Yorkshire Recipes


Wensleydale Cheese, Apple & Chutney Soda Bread

Here’s recipe from Mike Armstrong (‘Baker Mike’) who writes the  popular ‘Friend in Knead’  baking column in the West Yorkshire Keighley News. Mike describes this as ‘a perfect Yorkshire quick bread’.  This full-flavoured bread is best eaten on the day it is made.


  • 1 lb 2 oz (500g) plain or bread flour
  • 1 teaspoon (10 g) baking powder
  • Pinch of salt
  • 2 large crunchy green apples coarsely chopped with skin
  • 7 oz (200g) grated Wensleydale cheese
  • 1 jar (300g) mango chutney
  • Half a pint/ 10 fl oz /300 ml buttermilk or milk (or sour cream or plain yogurt)

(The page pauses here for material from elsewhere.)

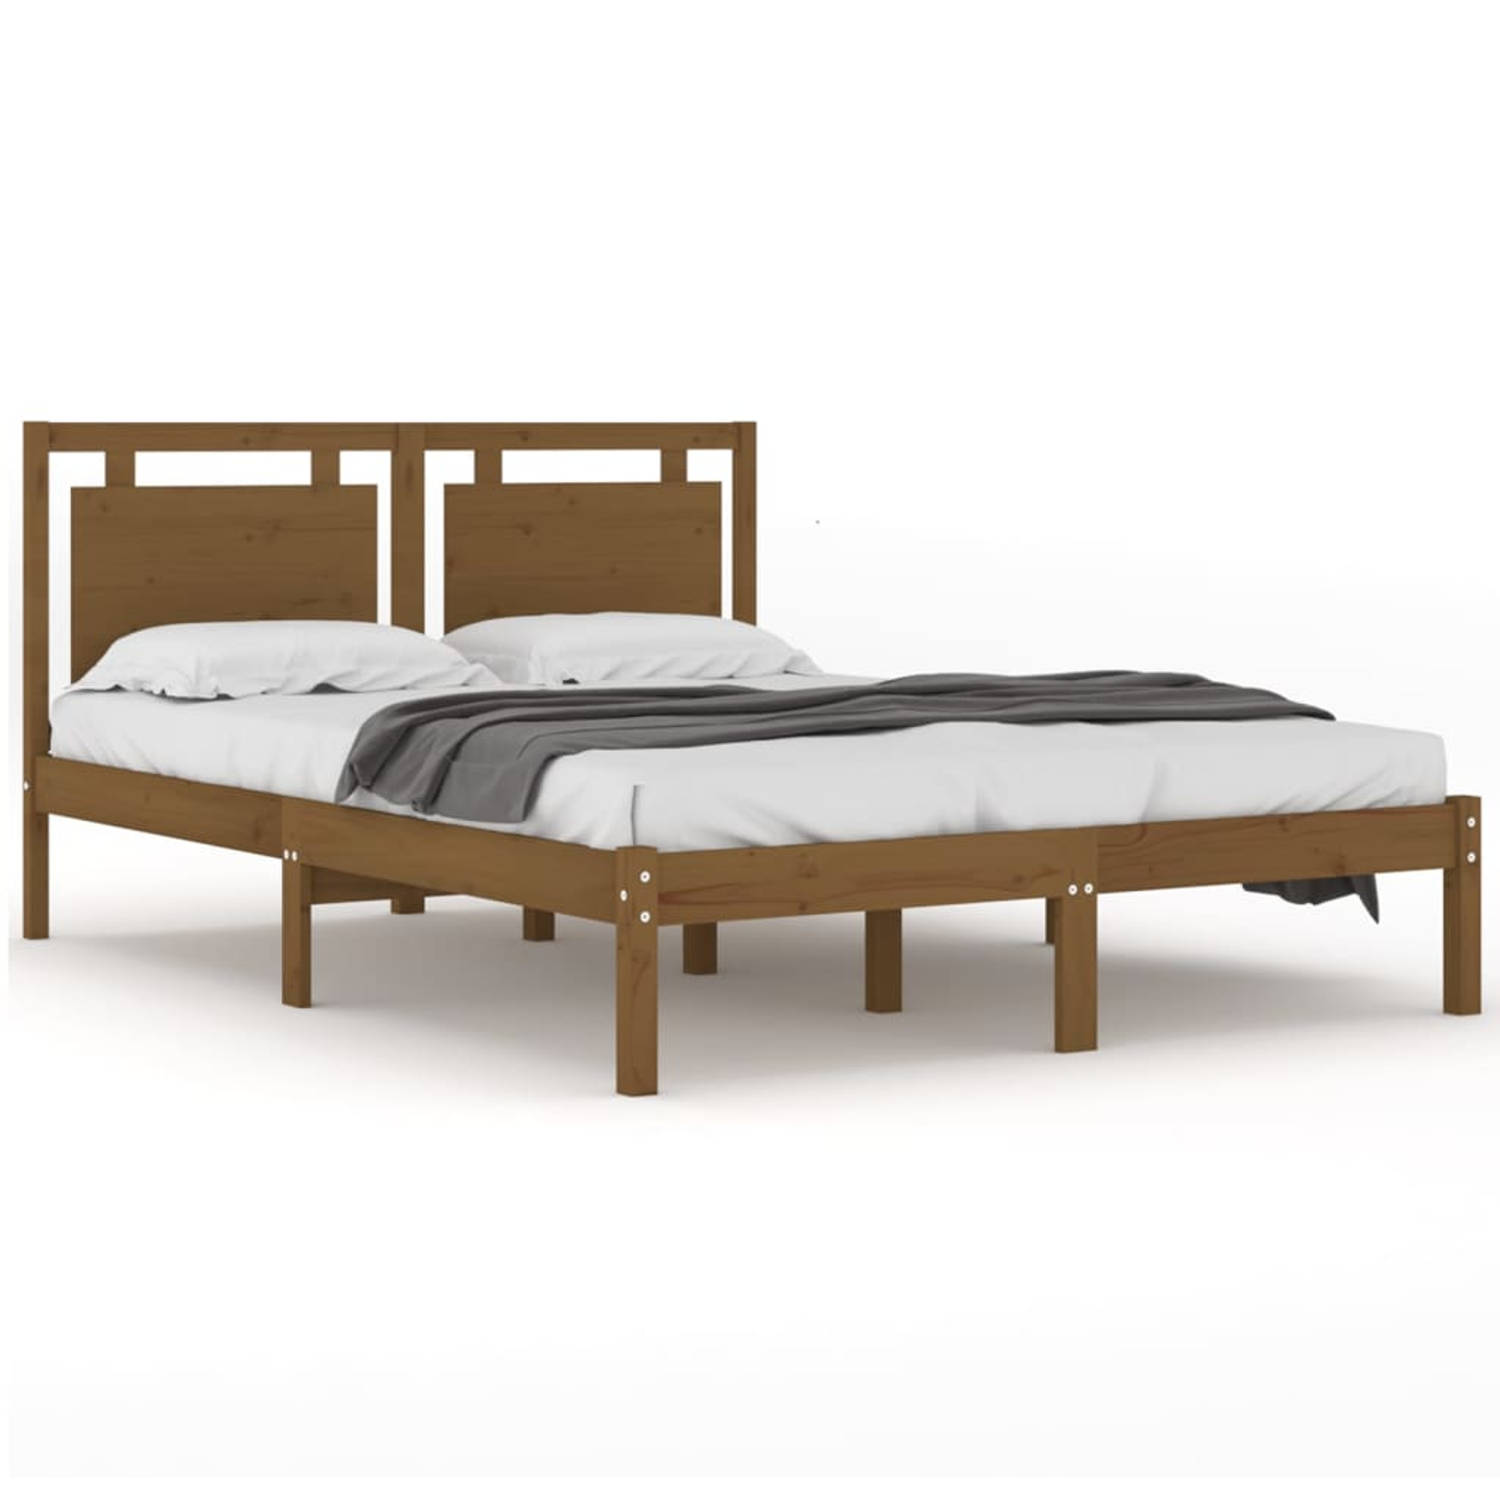 The Living Store Bedframe massief hout honingbruin 180x200 cm 6FT Super King - Bedframe - Bedframes - Tweepersoonsbed - Bed - Bedombouw - Dubbel Bed - Frame - Bed Frame - Ledikant

  1. In a large mixing bowl, add the flour, salt, baking powder, grated cheese and chutney, combine all well
  2. Using a wooden spoon, stir in the chutney and buttermilk to form a soft dough
  3. Lightly knead on a worktop with a little flour. Shape into a large ball and place onto a well-greased baking tray
  4. Pat down and shape to the size of a dinner plate and score a cross halfway through the dough with a sharp knife
  5. Bake in a preheated hot oven 200c / Gas Mark 7 for around 30 minutes till golden brown and well risen.